Even while paid music streaming services convince most people to pay for their tunes, the industry is a shadow of its former self. Don Pittis wonders if President of Playlists Obama can turn the knowledge market around.

Streaming is putting money back into the music industry, but economists doubt it will be enough

Bruce Springsteen with U.S. President Barack Obama, who in a new job of President of Playlists may be able to solve the economic problem of why music doesn't pay. (Yuri Gripas/Reuters)

When his current job runs out, U.S. President Barack Obama has been offered a new presidency — this one at the Swedish music-streaming company Spotify.

When you read the requirements, the outgoing head of state is undeniably qualified for the job. But in the unlikely event he applies, getting the music industry back to its former strength seems as Herculean a task as the job he's leaving

Despite new signs this week of a partial recovery based on streaming, the value of the music industry has shrunk by half since the advent of electronic music sharing.

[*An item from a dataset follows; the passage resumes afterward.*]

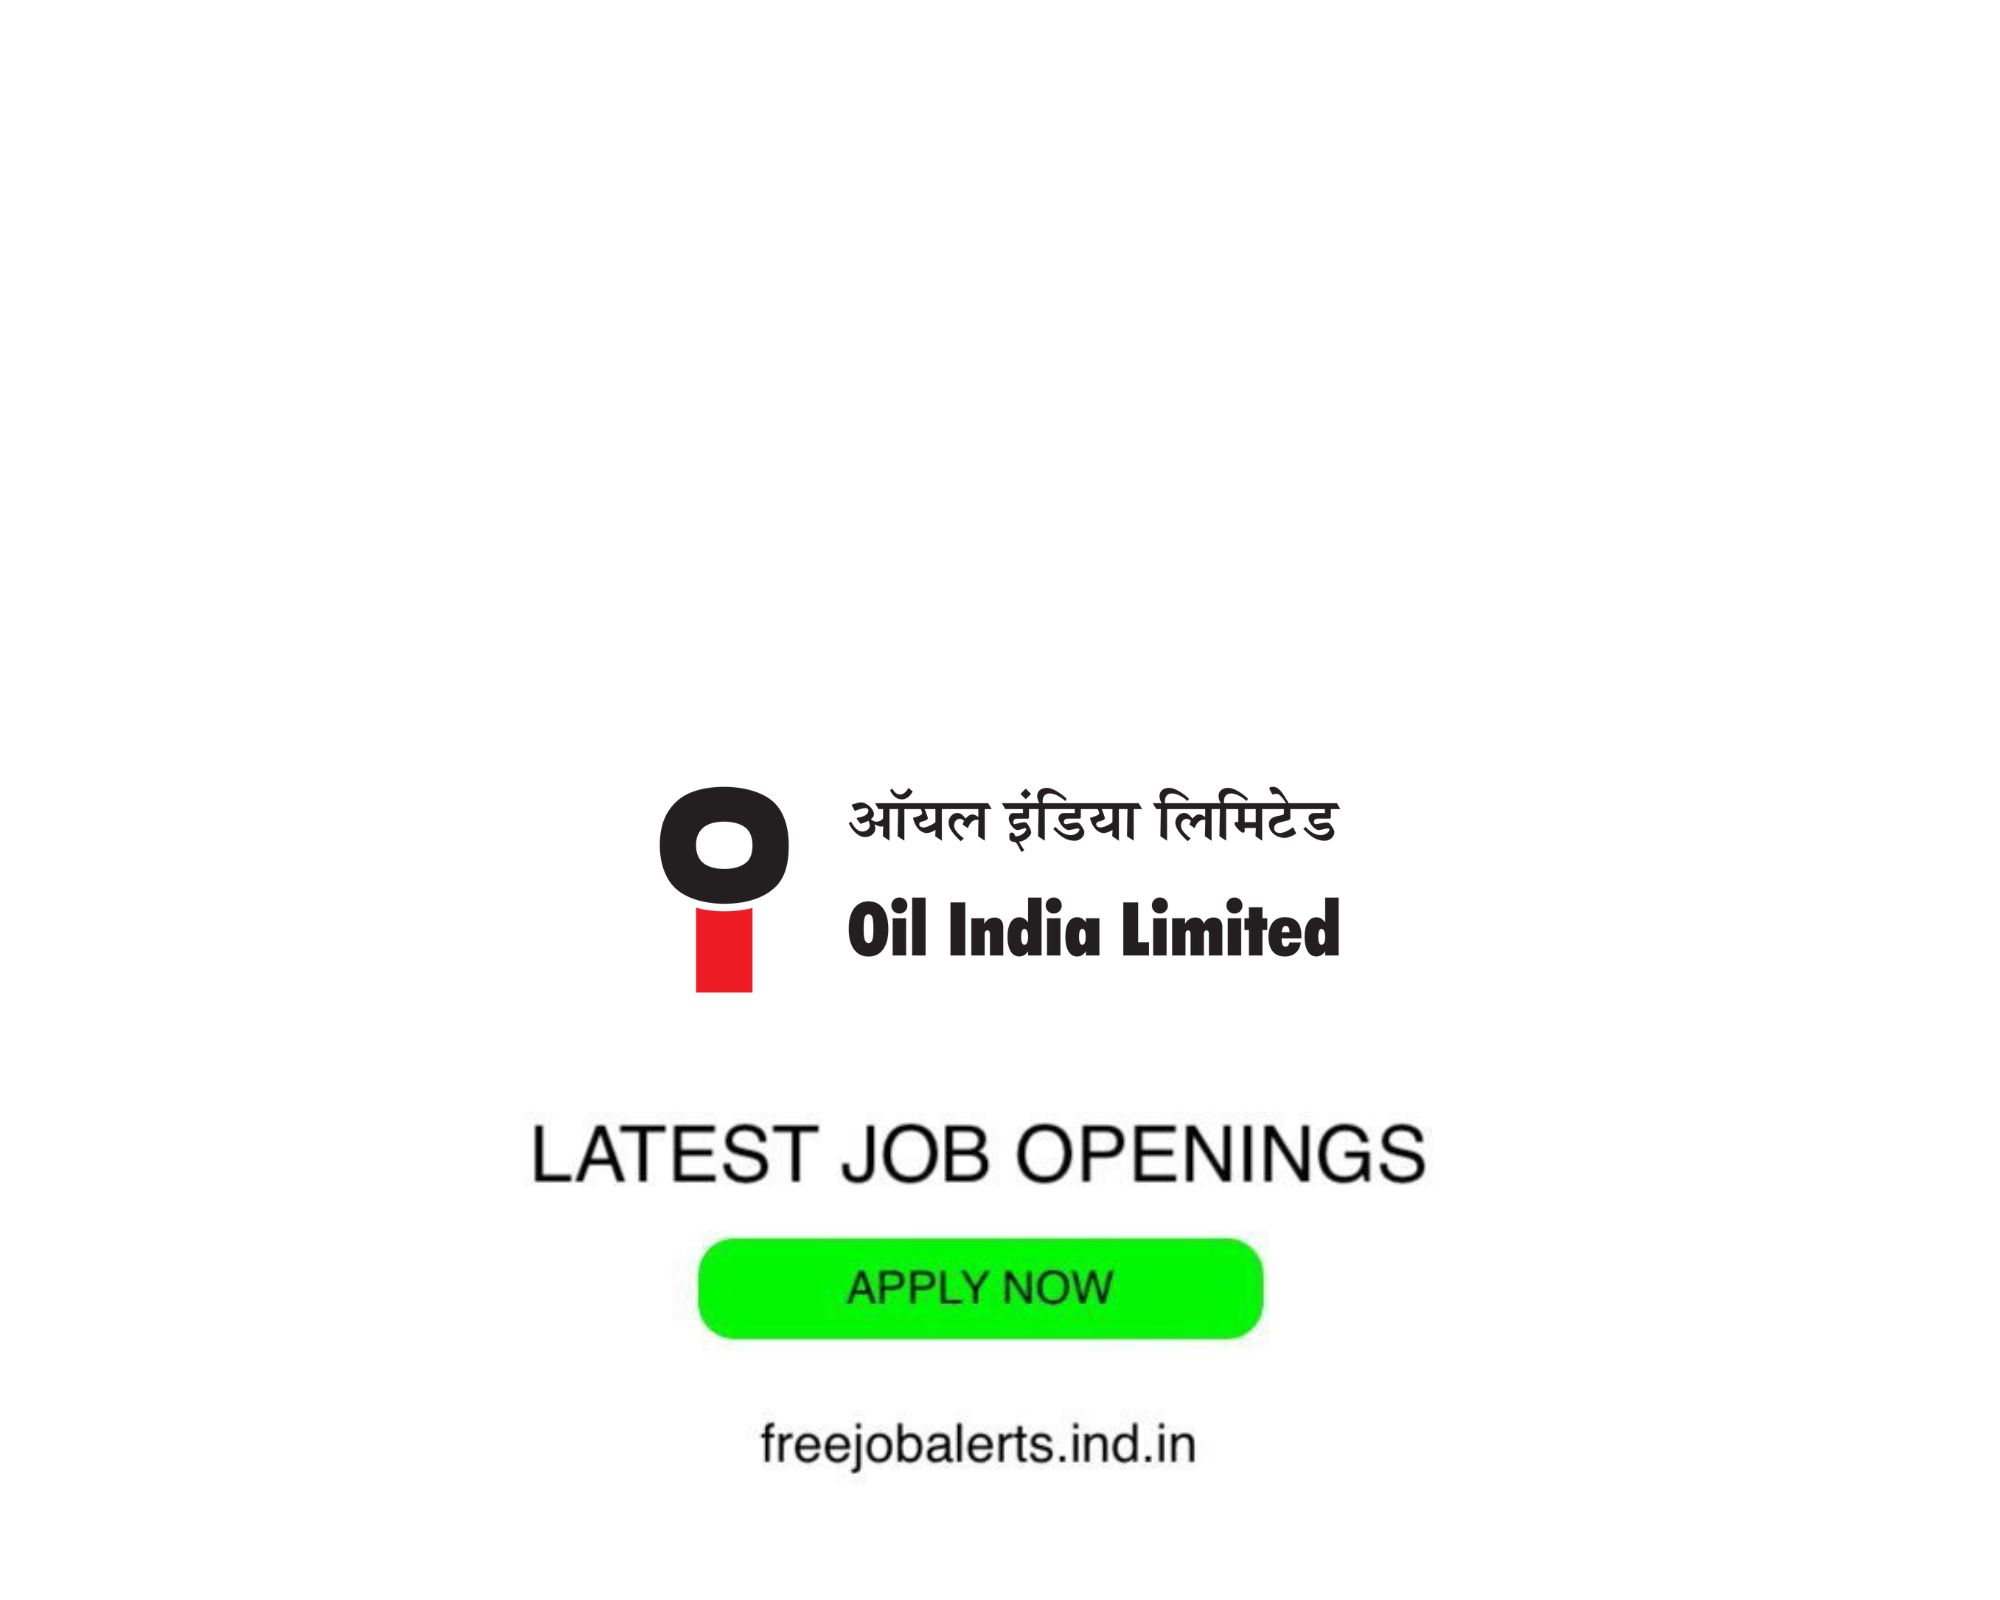 OIL - Oil India Limited - Latest Govt job openings - Free job alerts, Indian Govt Jobs
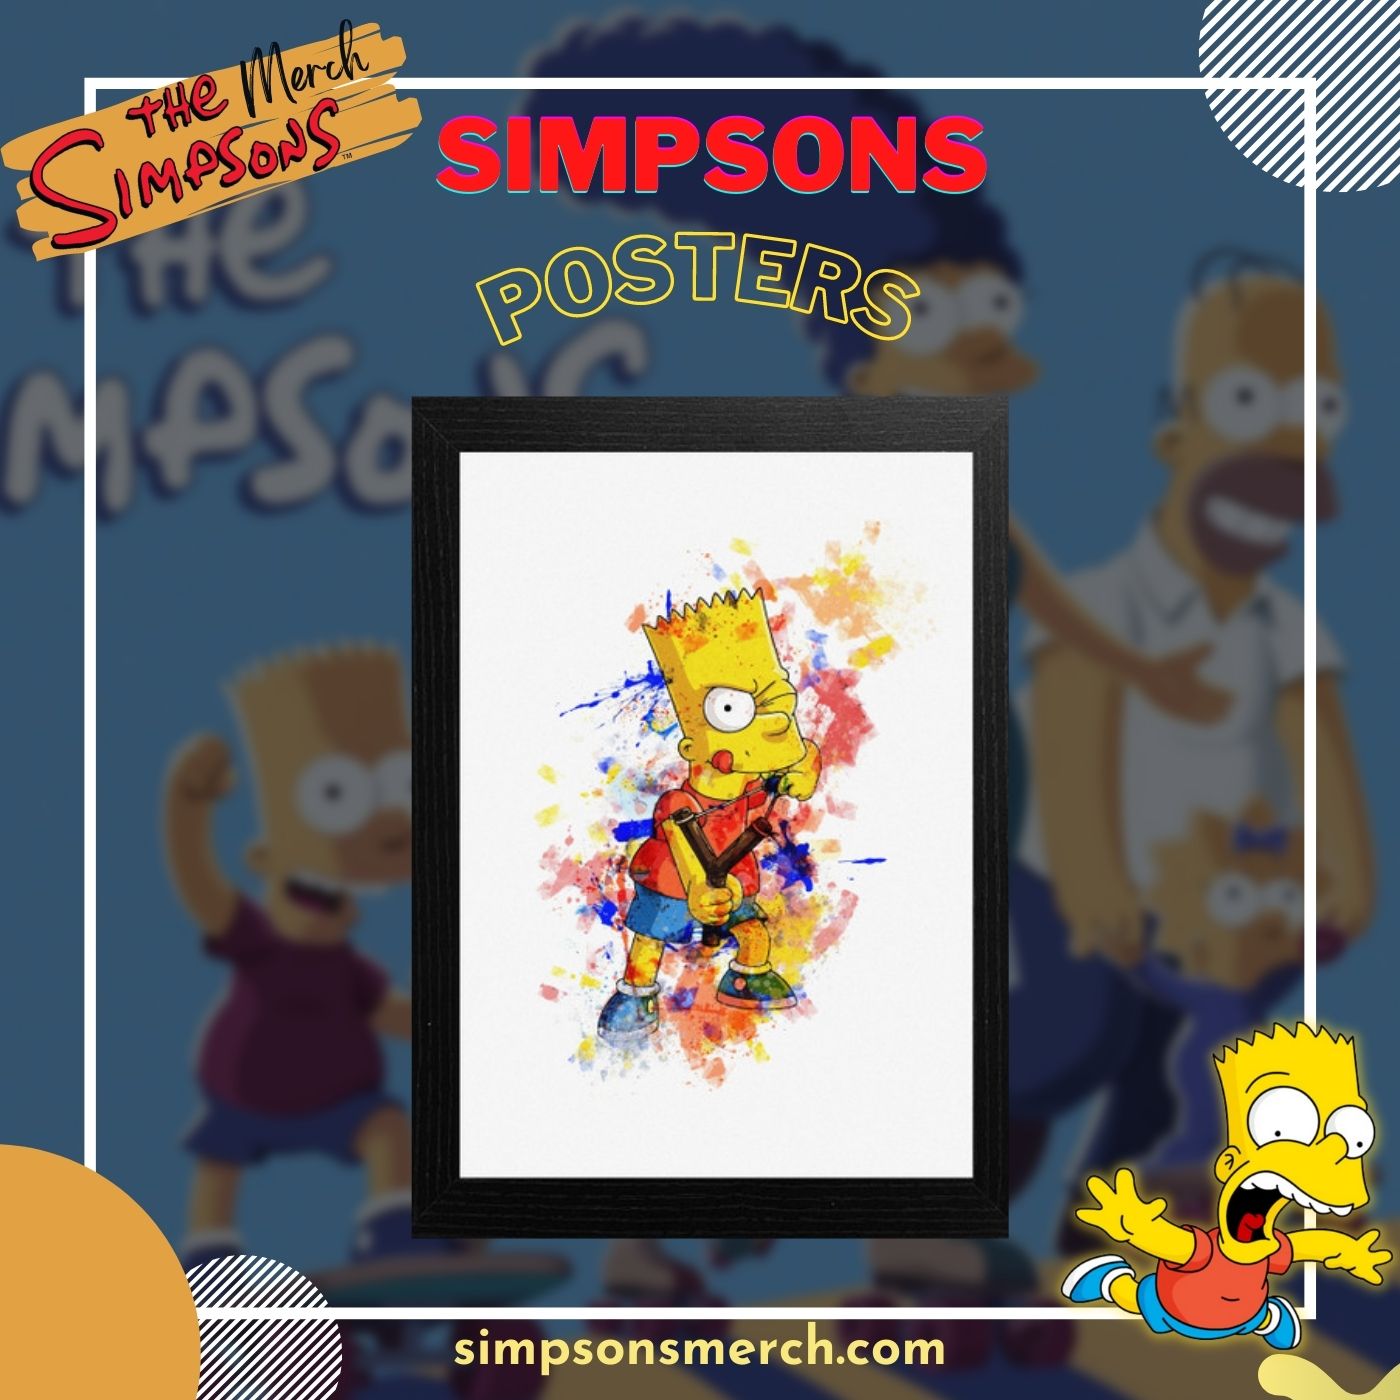 SimpSons Posters 1 - The Simpsons Shop

Maybe as an insider, Obama can help.

"I'm still waiting for my job at Spotify," the outgoing president quipped last week to former U.S. ambassador to Sweden Mark Brzezinski. 

And this week the company responded, posting a job titled President of Playlists.

Demanding qualifications

Anyone could apply, but the qualifications, including running a country, were demanding.

"Ever had Kendrick Lamar play at your birthday bash?" asks the ad. "We'd love to hear about it!"

And another specialized qualification: "Someone with good team spirit, excellent work ethic, a friendly and warm attitude and a Nobel Peace Prize."

Job candidates for President of Playlists must have had Kendrick Lamar play at their birthday party. (Yuri Gripas/Reuters)

Data out this week from BuzzAngle is expected to show that subscription music streaming, offered by services that also include Apple Music and the musician-owned Tidal, has exploded in Canada, up more than 300 per cent from 2015.

Golden age gone for good

Joel Blit, a specialist in the economics of innovation at the University of Waterloo, says the golden days for the music industry, back when we bought music in cardboard sleeves and plastic boxes, is gone for good.

While the streaming business seems strong, it hasn't been a licence to print money. Many companies that got into the business are struggling.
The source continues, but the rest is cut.